«Пиковую даму» надо читать, а многие знают ее по опере Петра Чайковского, балету, многочисленным экранизациям, как правило, неудачным. Михаил Козаков, дважды пытавшийся перенести пушкинскую повесть на экран, пишет в «Актерской книге»: «1987 год. При вторичной попытке (первая была в 1980 году) экранизировать эту вечно загадочную повесть я сломался и загремел в психушку. Я, пройдя мучительный опыт «Пиковой дамы», нашел в себе мужество отказаться от постановки и не взял на душу грех фальсификации повести Пушкина».
Но настоящая чертовщина, которая даже в кошмарном сне не приснилась бы Пушкину, произошла в 1977 году.
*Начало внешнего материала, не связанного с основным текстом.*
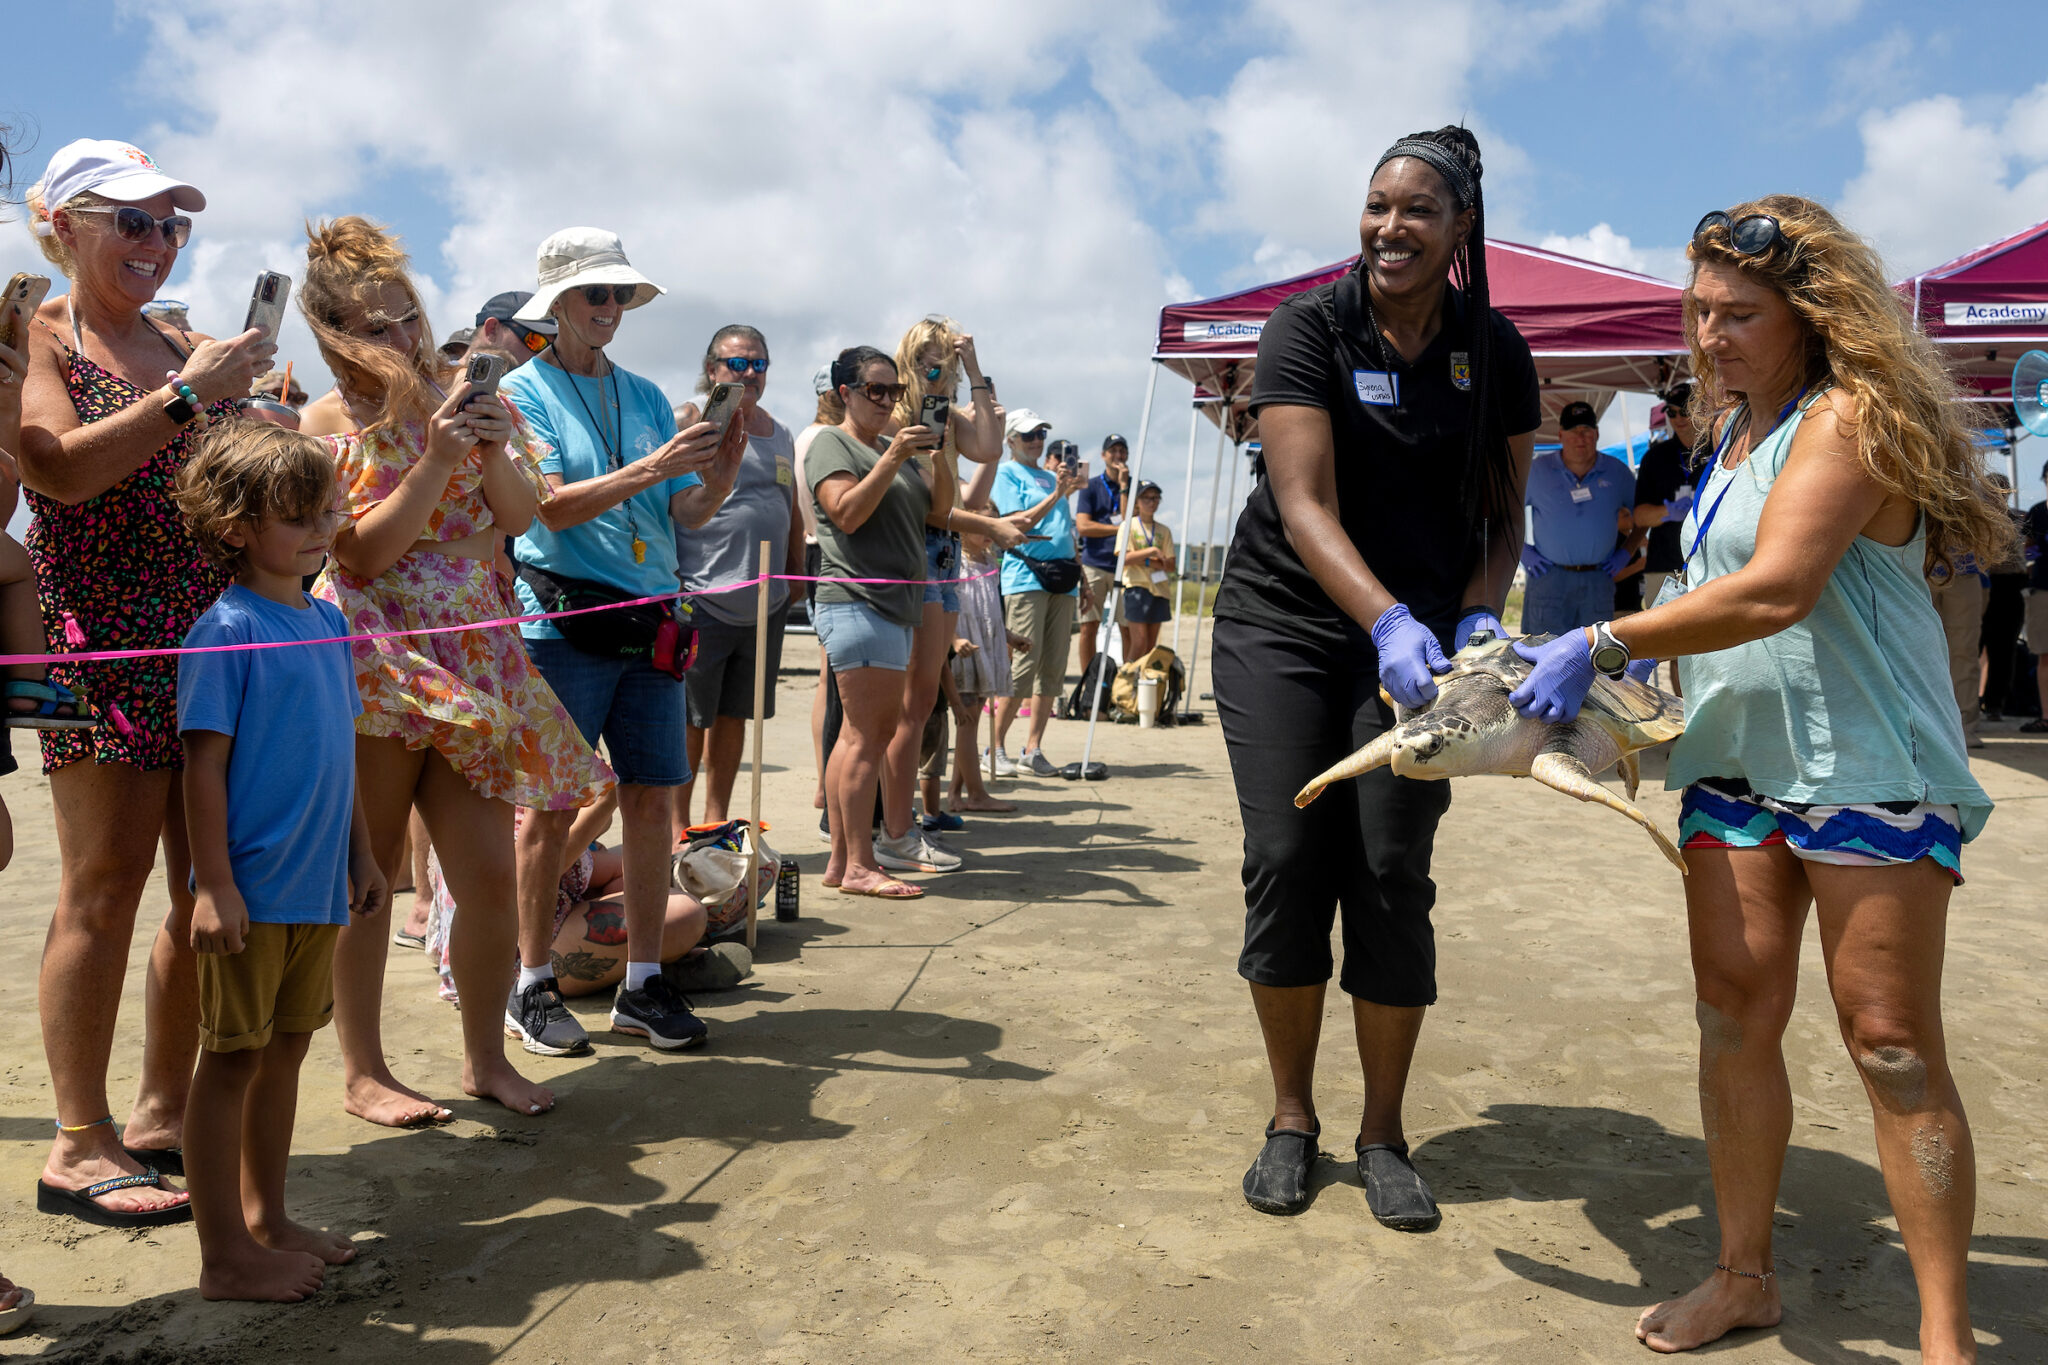 U.S. Fish and Wildlife Service Senior Biologist Syrena Johnson carries Tally the sea turtle down the beach alongside Frankie Hobro, director and owner of the Anglesey Sea Zoo in Wales as a crowd of spectators watch, smiling and in some cases documenting with their cell phones

Немногим дано постичь глубинный смысл «Пиковой дамы», но это сделали старцы в ЦК КПСС — они запретили постановку оперы Юрию Любимову и Геннадию Рождественскому, усмотрев в их трактовке какое-то «отступление от классики».
Варлам Шаламов, отбывавший сталинский срок в наших краях, один свой рассказ начинает словами: «Играли в карты у коногона Наумова». Эта фраза сразу же отсылает к «Пиковой даме» с ее началом: «Играли в карты у конногвардейца Нарумова». Но подлинный смысл этой литературной параллели придает описанный в рассказе страшный лагерный быт. По признанию Юрия Лотмана, он, прочитав рассказ Шаламова, по-новому открыл пушкинскую повесть.
«Пиковая дама» злободневна и в наши дни. Вся современная Россия — сплошное казино, как пишет Андрей Вознесенский в последнем своем поэтическом сборнике, так и названном «Казино. Россия».
Дама — пик Чайковского, вершина духа,
Настает Час Дамы, голубые гуру!
Я планирую Случай.
В тридцать лет я — старуха?
Я ломаю игру.
Для встречи с Пиковой дамой березниковцам много не надо. Сесть на автобус № 22, двадцать минут — и вы в Усолье. Еще столько же по дамбе до родового имения Голицыных. По дамбе хорошо идти зимой, когда падает тихий снег, и летом, когда голубая вода с обеих сторон, как в море — до горизонта. Кажется, что приближаешься не к старым стенам, а к самой Литературе, к Пушкину. В любое время года, в любую погоду прекрасен особняк Голицыных. Старые ворота, старое крыльцо, старая лестница — все это не изменилось с 1818 года. Анфилада комнат и залов, мебель пушкинской поры, и вот кабинет. На старинном столике, на зеленом сукне под стеклом лежат эти таинственные карты, осколки богемского хрусталя с «алмазной искрой», прекрасного даже сейчас. В доме словно витает тень Пиковой дамы. Когда здесь совсем один, то, кажется, что кто-то еще присутствует: то какое-то дуновение, то скрип пола в далеком зале. В прошлом году молодой мужчина в безукоризненном классическом костюме, в черных очках, приходил несколько дней и читал дореволюционное издание «Пиковой дамы». С сотрудниками не разговаривал, но позволил сфотографировать себя. Однажды он пришел с клавиром оперы Чайковского «Пиковая дама» и сидел в зале. А далее идет гостиная, потом столовая, в ней стоит старинное пианино, струны в нем целы, но оторваны от клавиатуры. И вдруг в комнате ясно прозвучало несколько нот из оперы Чайковского, хотя к инструменту никто не подходил. Жутко не было, было необычайно прекрасно.